主動模式:服務端經過指定的數據傳輸端口(默認20),主動鏈接客戶端提交的端口,向客戶端發送數據。
客戶端主動發送:"PORT xxx,xxx,xxx,xxx,ppp,ppp"。等待服務器端發起數據鏈接。
服務器回覆:「200」表示贊成,到此數據通道能夠創建了。服務器
被動模式:服務端採用客戶端建議使用被動模式,開啓數據傳輸端口的監聽,被動等待客戶端的鏈接而後向客戶端發送數據。session
客戶端主動發送:"PASV"。通知服務器端使用被動模式。 服務器回覆:「227 xxx,xxx,xxx,xxx,ppp,ppp」。 表示贊成,同時將本端監聽的端口和IP發送給客戶端。
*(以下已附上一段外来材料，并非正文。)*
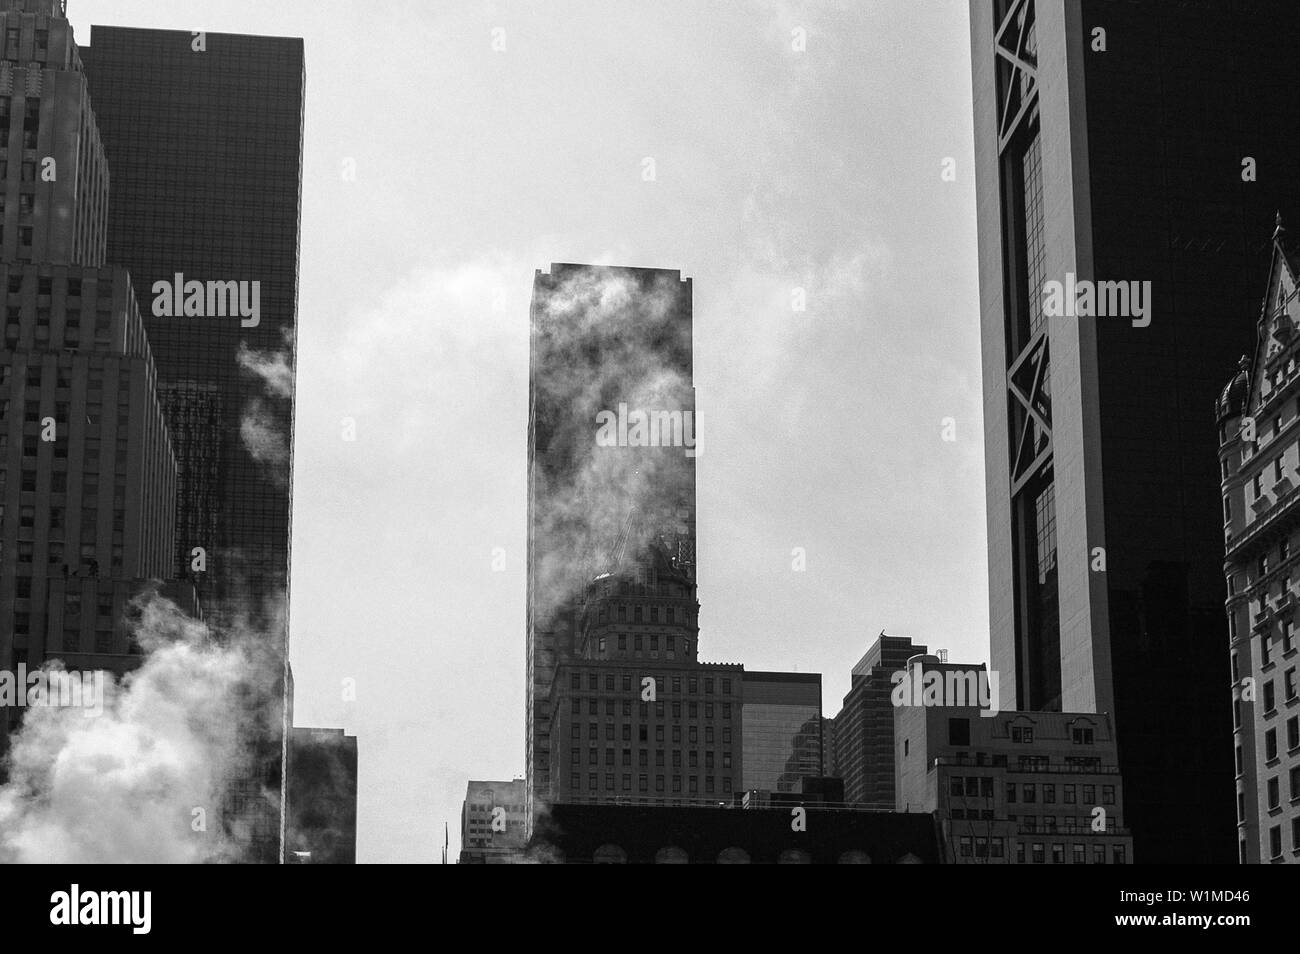 New Zork through a KONICA MINOLTA DIGITAL CAMERA with a black and white filter Stock Photo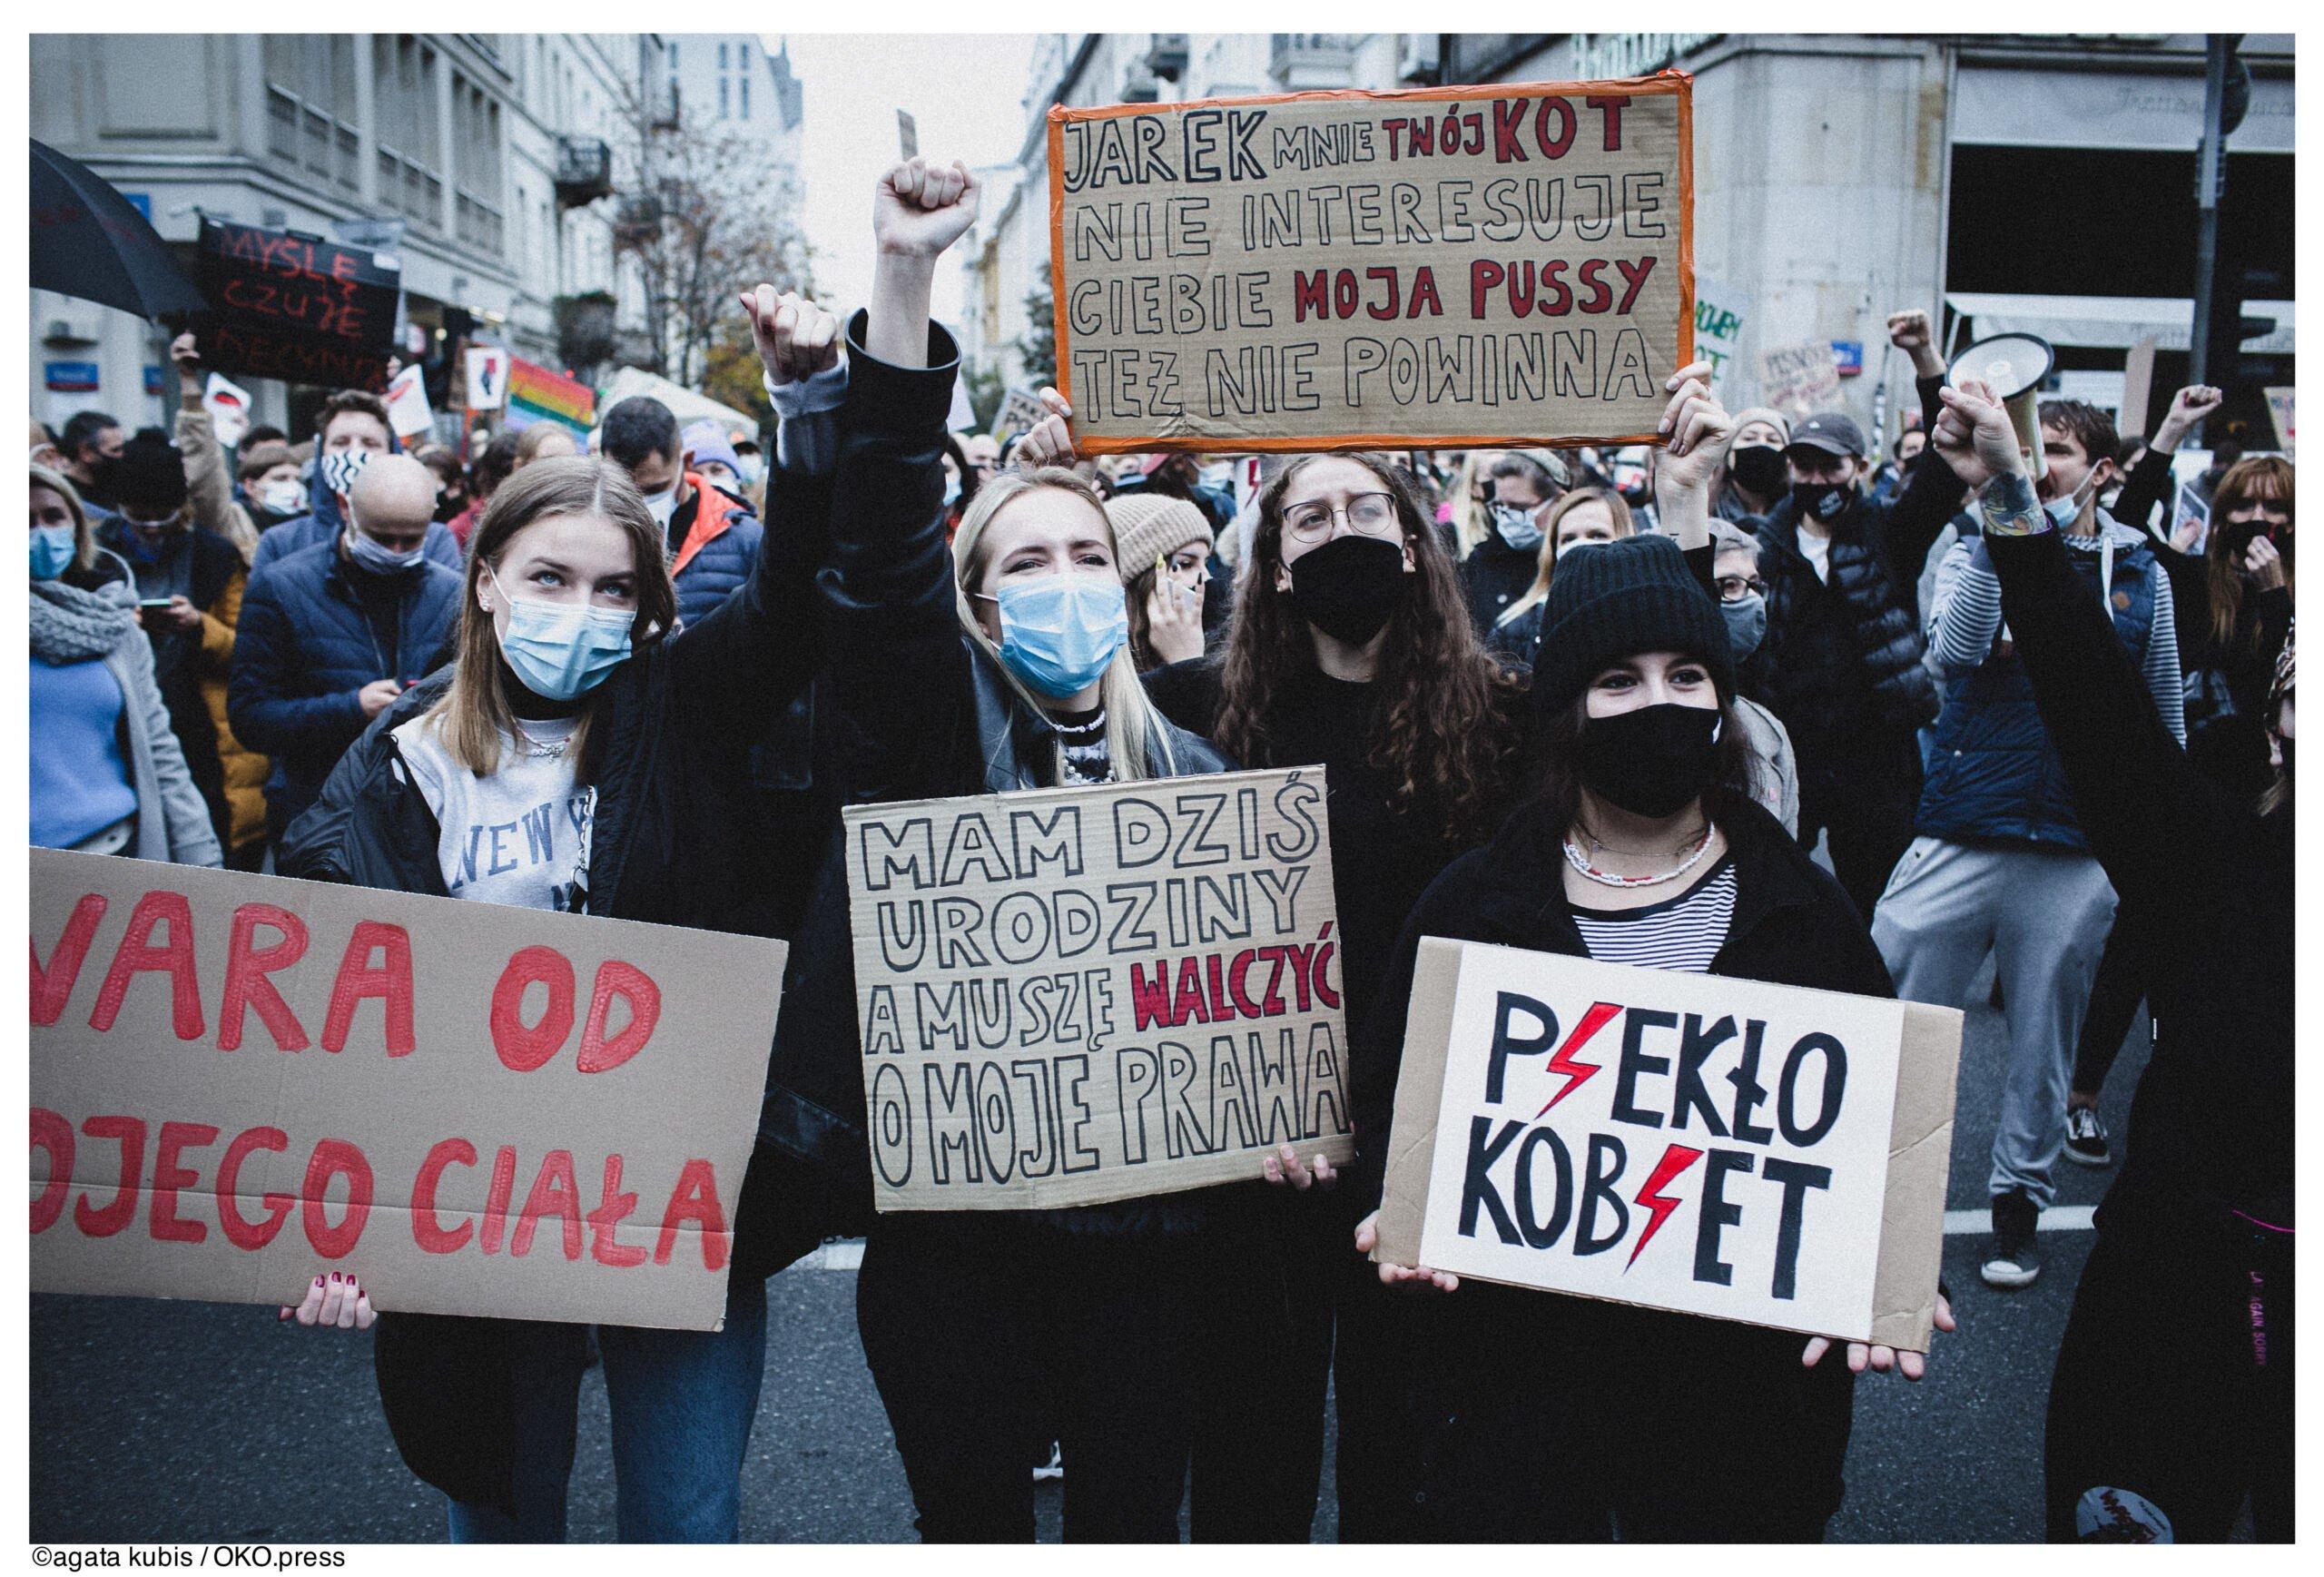 Warszawa, protest 28.10.2020

一言以蔽之,服務端主動鏈接客戶端就是主動模式,服務端被動等待客戶端鏈接(客戶端主動鏈接服務端)就是被動模式。
ftp有主動模式被動模式而ssh等其餘協議沒有這種說法的根源是:ftp要使用別的端口來傳輸數據。app
從上面的概念能夠知道,主動模式客戶端會經過」PORT「命令將本地監聽的端口和IP發送給服務器。因此在out2in方向能夠獲取數據通道的信息。目前只有nat模式須要支持ftp的alg處理。在dnat函數中會解析ftp的內容,找到PORT命令信息,添加數據通道的鏈接跟蹤。ssh
假設咱們從內容中獲取的ip爲dataip,端口爲dataport。控制通道的鏈接跟蹤爲cn,則添加的鏈接跟蹤7元祖爲:tcp
caddr:dataip
cport:dataport
vaddr:cn->vaddr
vport:cn->vport-1(即20)
daddr:cn->daddr
dport:cn->dport-1 (即20)ide
建立該鏈接跟蹤後,會將其狀態設置爲IP_VS_TCP_S_LISTEN,同時設置其超時定時器的時間爲對應的時間。主動模式下不須要進行seq的修正,由於報文不會進行ip地址的變化。函數
從上面的概念能夠知道,被動模式服務器端會將本地監聽的端口和IP發送給客戶端。因此在in2out方向能夠獲取數據通道的信息。目前只有nat模式須要支持ftp的alg處理。由於是在in2out方向,因此在snat的反向動做dnat中會進行數據通道的鏈接跟蹤處理。ui
假設咱們從內容中獲取的ip爲dataip,端口爲dataport。控制通道的鏈接跟蹤爲cn,則添加的鏈接跟蹤7元祖爲:this
caddr:cn->addr
cport:0
vaddr:cn->vaddr
vport:dataport
daddr:dataip
dport:dataportatom
從上面的鏈接跟蹤信息能夠知道,LVS但願客戶端發送的數據通道的目的IP也是VIP,這與實服務器指定的dataip是不同的。因此須要修改ftp報文中的端口IP信息,讓客戶端發起數據通道鏈接時能命中上面的鏈接跟蹤內容。同時還不知道客戶端會以哪一個端口來鏈接服務器的數據通道,因此鏈接跟蹤中的cport設置爲0,而且設置了標誌IP_VS_CONN_F_NO_CPORT。表示這個鏈接跟蹤須要在肯定的時候設置該cport(這個時候就是客戶端發送鏈接數據通道的syn包的時候,命中了該鏈接跟蹤)。
因爲須要修改應用層信息,那麼涉及到tcp的序列號的變化,LVS想借用netfilter的adjseq機制進行處理,設置了標誌IP_VS_CONN_F_NFCT,表示不要刪除conntrack。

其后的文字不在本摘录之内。